A series of mIDH1 inhibitors derived from 3-pyrimidine-4-oxazolidin-2-ketone derivatives were studied by QSAR model to explore the key factors that inhibit mIDH1 activity. The generated model was cross-verified and non-cross-verified by Topomer CoMFA and HQSAR methods; the independent test set was verified by PLS method; the Topomer search technology was used for virtual screening and molecular design; and the Surflex-Dock method and ADMET technology were used for molecular docking, pharmacology and toxicity prediction of the designed drug molecules. The Topomer CoMFA and HQSAR cross-validation coefficients q2 are 0.783 and 0.784, respectively, and the non-cross-validation coefficients r2 are 0.978 and 0.934, respectively. Ten new drug molecules have been designed using Topomer search technology. The results of molecular docking and ADMET show that the newly designed drug molecules are effective. The docking situation, pharmacology and toxicity prediction results are good.
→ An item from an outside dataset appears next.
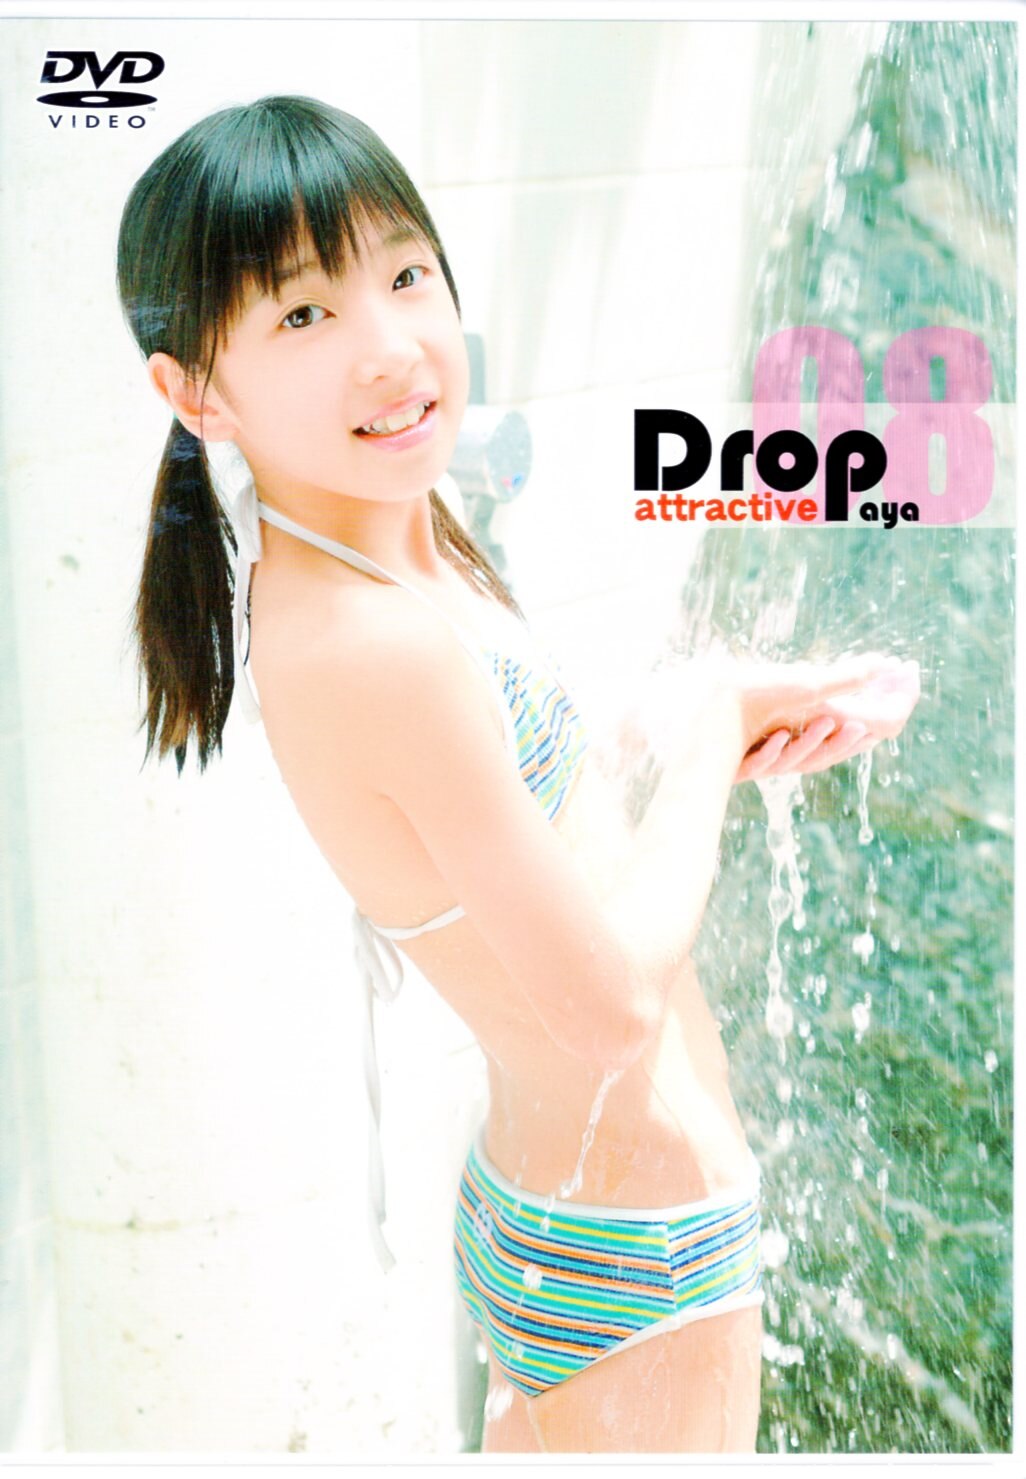 Drop DVD aya Drop attractive 08 | MANDARAKE 在线商店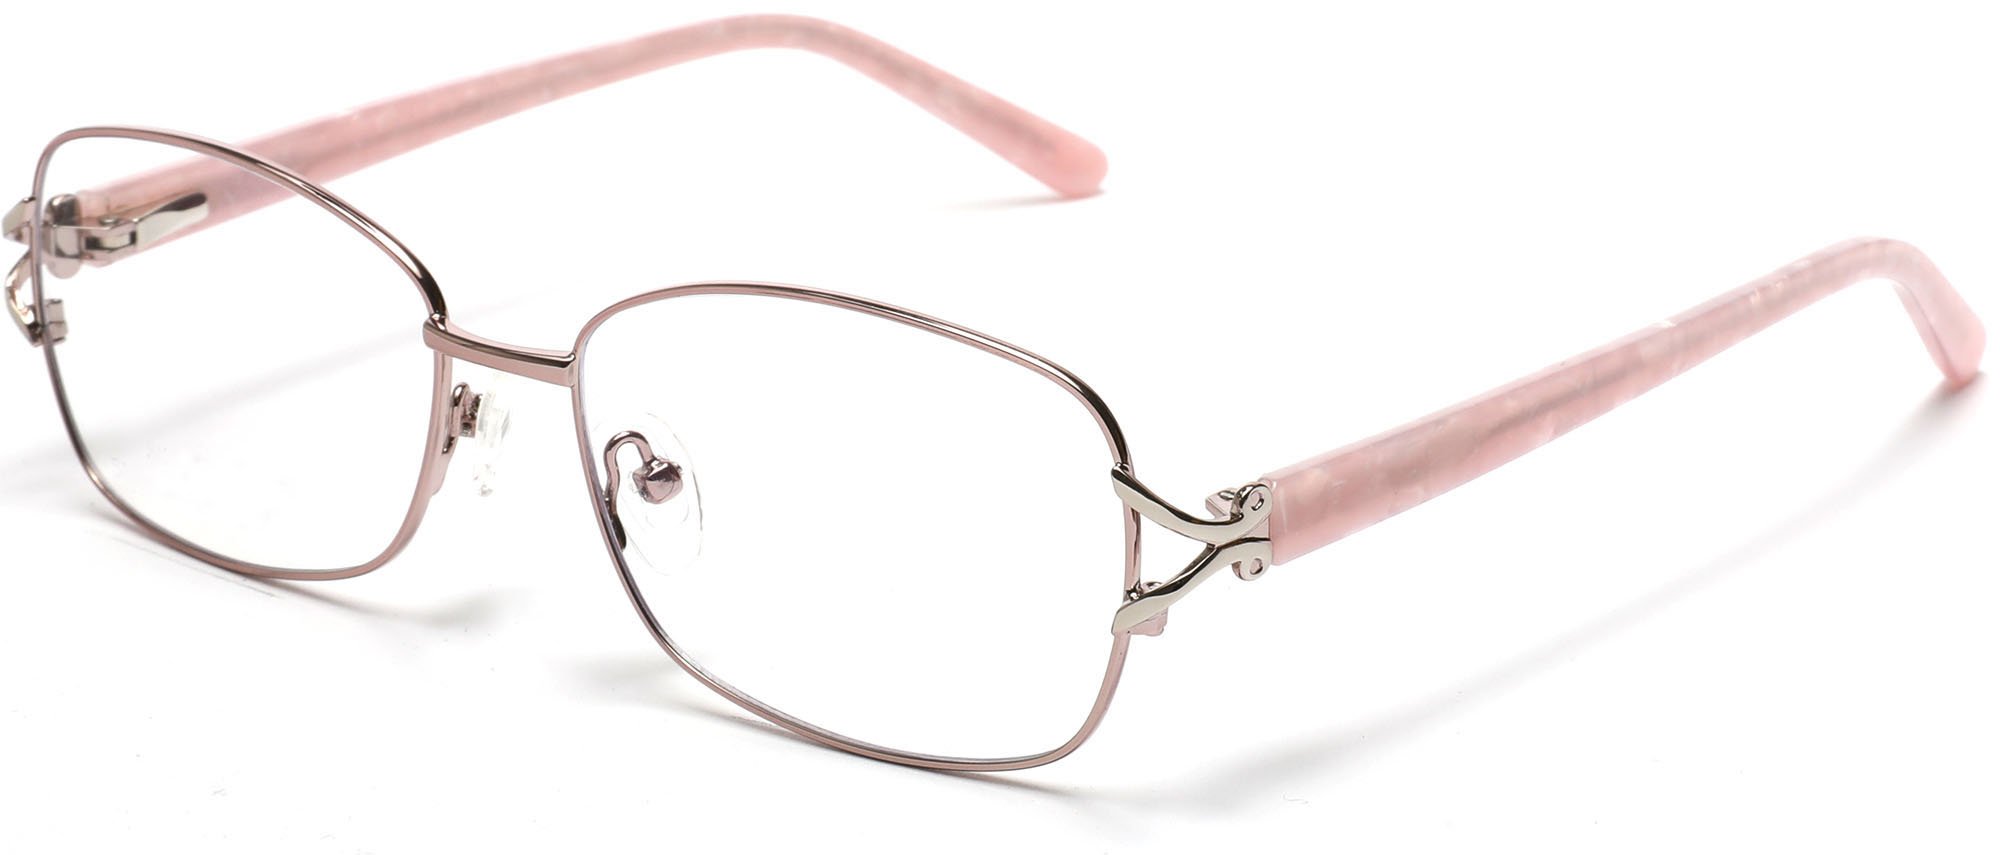 Tango Optics Metal Optical Eyeglasses Frame Luxe Stainless Steel Virginia Apgar Square Pink Silver Oval For Prescription Lens-Samba Shades

The model can be used to predict the bioactivity of the same type of new compounds and their derivatives. The prediction results of molecular design, molecular docking and ADMET can provide some ideas for the design and development of novel mIDH1 inhibitor anticancer drugs, and provide certain theoretical basis of the experimental verification of new compounds in the future.

Graphic abstract

Newly designed molecules after docking with corresponding proteins in the PDB library, it can explore the targets of drug molecules acting with large proteins and the related force, which is very helpful for the design of new drugs and the mechanism of drug action.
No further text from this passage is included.